The noble Lord is also right that, meanwhile, as we are dealing with conflicting notions of fairness, there may not be a way through the issue that is obviously fair. What may be fair to women may be considered unfair to men, although the European Court may rule otherwise. As your Lordships will know, the conclusion that we have reached is that we should treat men and women equally at 60 for the guarantee element, which is the point at which they are poor, but treat them equally at 65 for the savings element, which hinges not on their poverty but on the fact that they have taken their retirement pension. As men cannot take retirement pension until 65, we have established the two different ages.
The minimum income guarantee does not require a given retirement pension level. The pension credit savings element, however, must establish such a requirement as that is the fulcrum on which the element rests. That is why we have dealt with the two ages in different ways.
As I said in Committee when speaking to similar amendments tabled by the noble Baroness, Lady Barker, and by the noble Lord, Lord Hodgson, 65 is the only reasonable choice for a minimum age for the savings credit element. We have had to make the choice not only because of European rules, but because of our respect for the Pensions Act 1995 introduced by the then Conservative government.
It would clearly be unfair if the savings credit were payable to people aged 60 to 64. Men and women would have different outcomes simply because of the unequal nature of the existing state help that they receive. As the noble Lord, Lord Hodgson, identified, depending on the exact circumstanceswhich could be extremely quirky and extremely perversea man could receive either more or less savings credit, in quite unpredictable ways, than a woman in the same situation. That would be unfair. Consequently, as I said, we decided to make the savings credit available from 65.
If we were instead to do as the noble Baroness, Lady Barker, suggests in Amendment No. 1 and pay the credit at 60, the provision would have to reward the basic state pension, although that is not paid to men until 65. The noble Baroness therefore asks whether we could introduce a version of deeming and reward the additional pension provision that people have made. As I said, that would unfairly reward those who had not contributed to the basic state pension above those who had contributed throughout their working lives.
I gave a lengthy example, which has been quoted back to me. However, as the noble Lord, Lord Hodgson identified, deeming people to have a full basic state pension could lead to situations in which people who have saved more end up worse off than people who have saved less. Equally, as I said in Committee, there are real difficulties about SERPS. Equally, because they are more likely to be in work, and unlike women, men can expect to continue building up provision for their retirement until 65.

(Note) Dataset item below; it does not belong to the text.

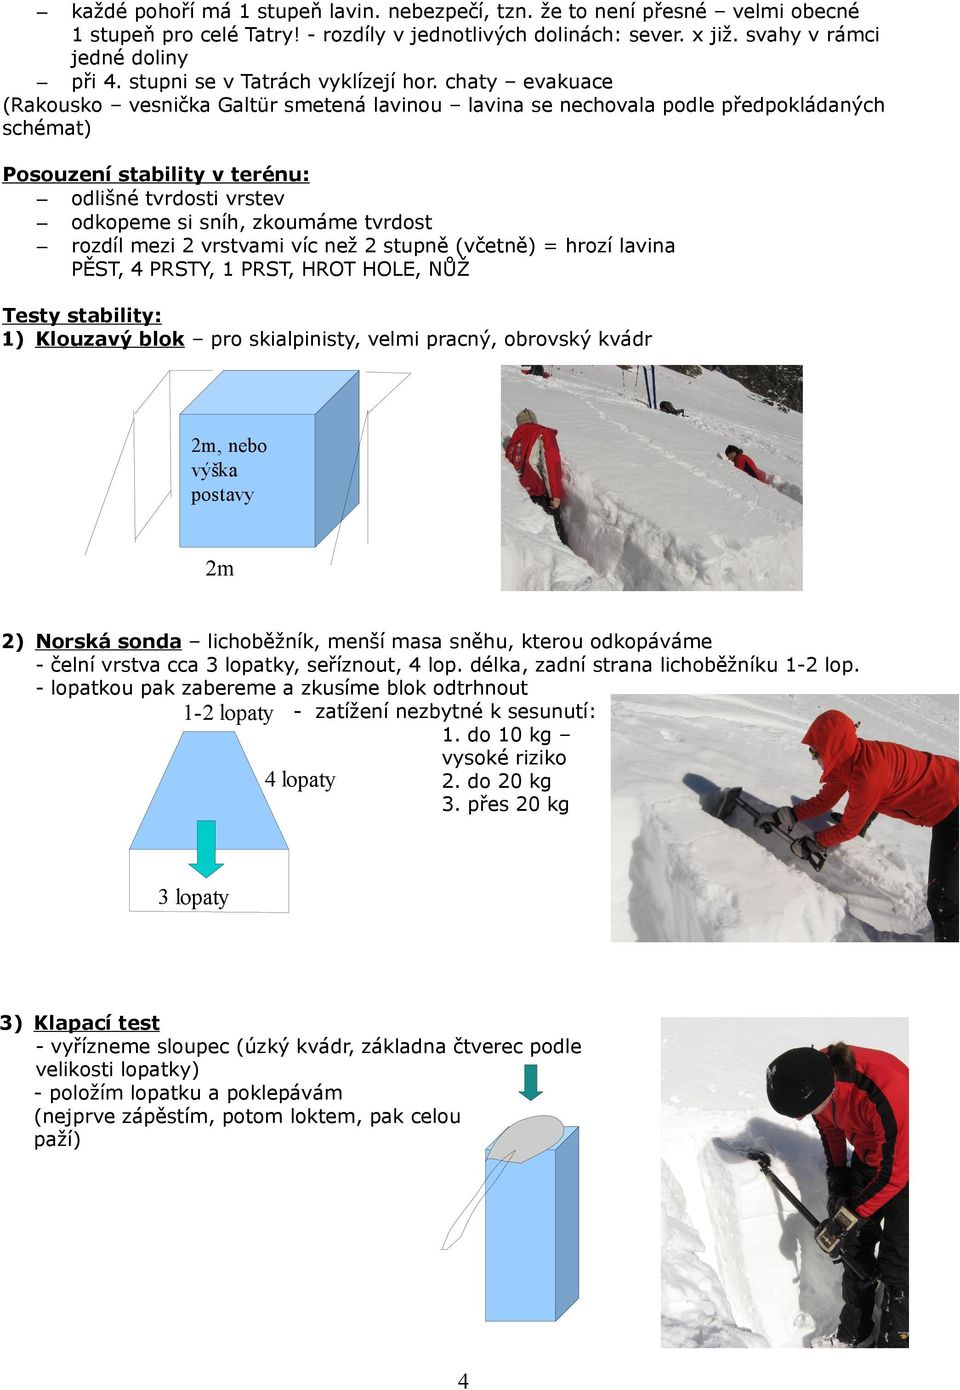 chaty evakuace (Rakousko vesnička Galtür smetená lavinou lavina se nechovala podle předpokládaných schémat) Posouzení stability v terénu: odlišné tvrdosti vrstev odkopeme si sníh, zkoumáme tvrdost
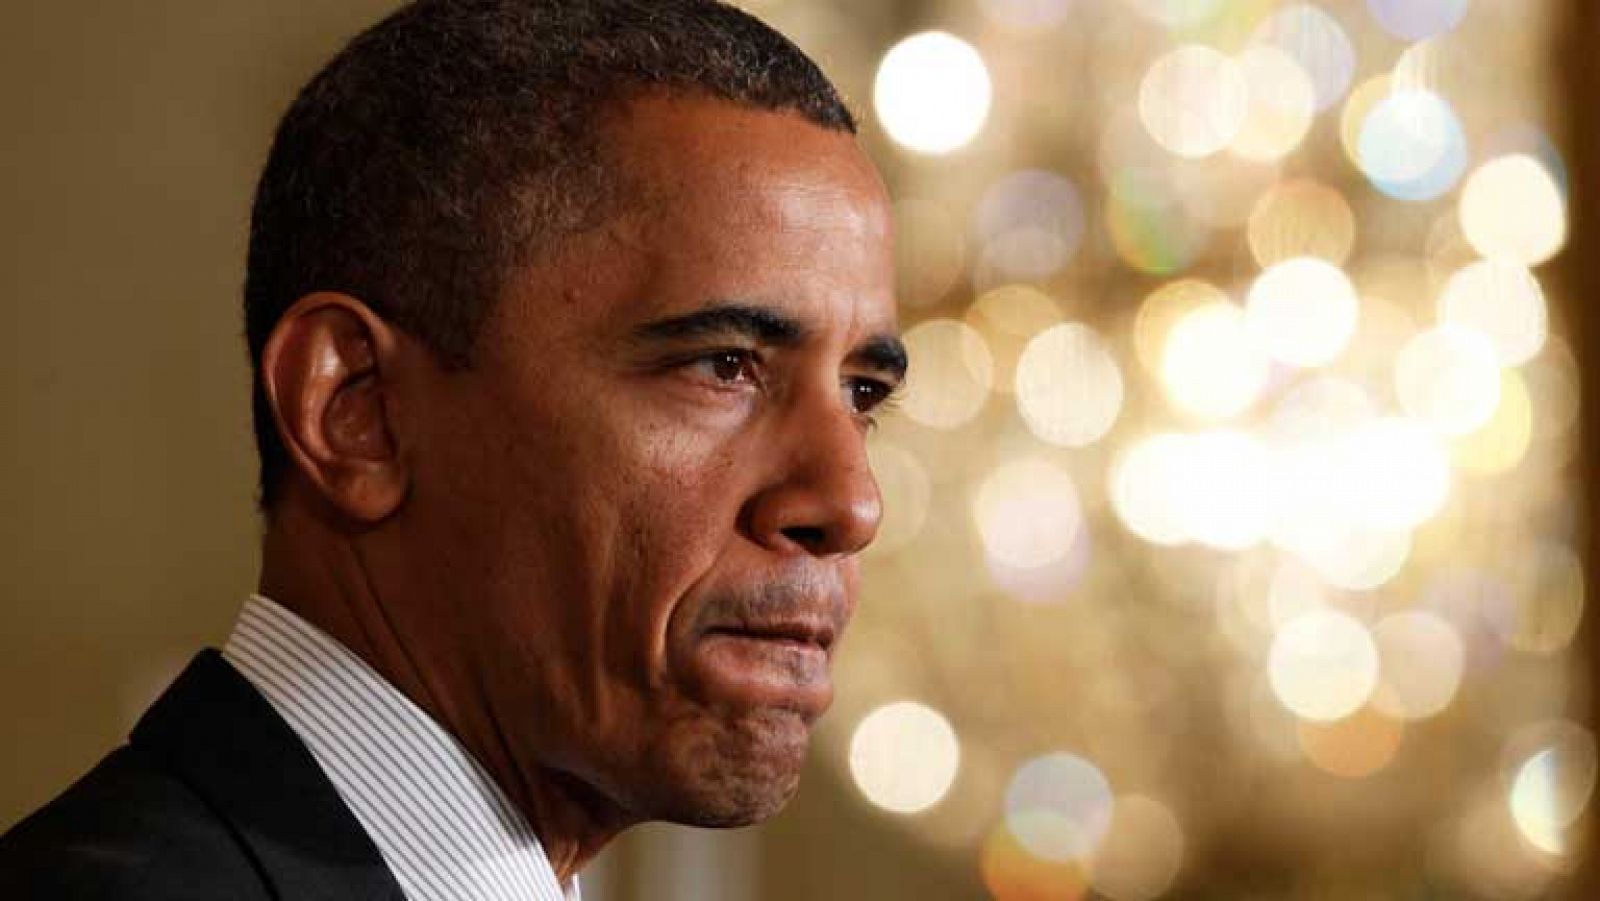 Obama acaba de pronunciar su primer discurso tras la reelección y muestra su plan económico

As I said, the issue is difficult not only because women have a different retirement age from that for men, but because we are gradually bringing the retirement age for women up to that for men. I could speak for 20 minutes on the issue. All I shall say is that we cannot have a savings element of pension credit that does not rest on the fulcrum of a retirement age of 65except by means of deemings, for example, which are not only unfair but would be horrendously expensive, to the tune of billions of pounds. That cannot be right.
We are saying that, when people are poor, we shall treat them equally at 60. However, when we are rewarding savings, based on the fulcrum point of the retirement age of 65, we shall treat everyone the same. It may not be a perfect solution, but I believe that it is the optimum one.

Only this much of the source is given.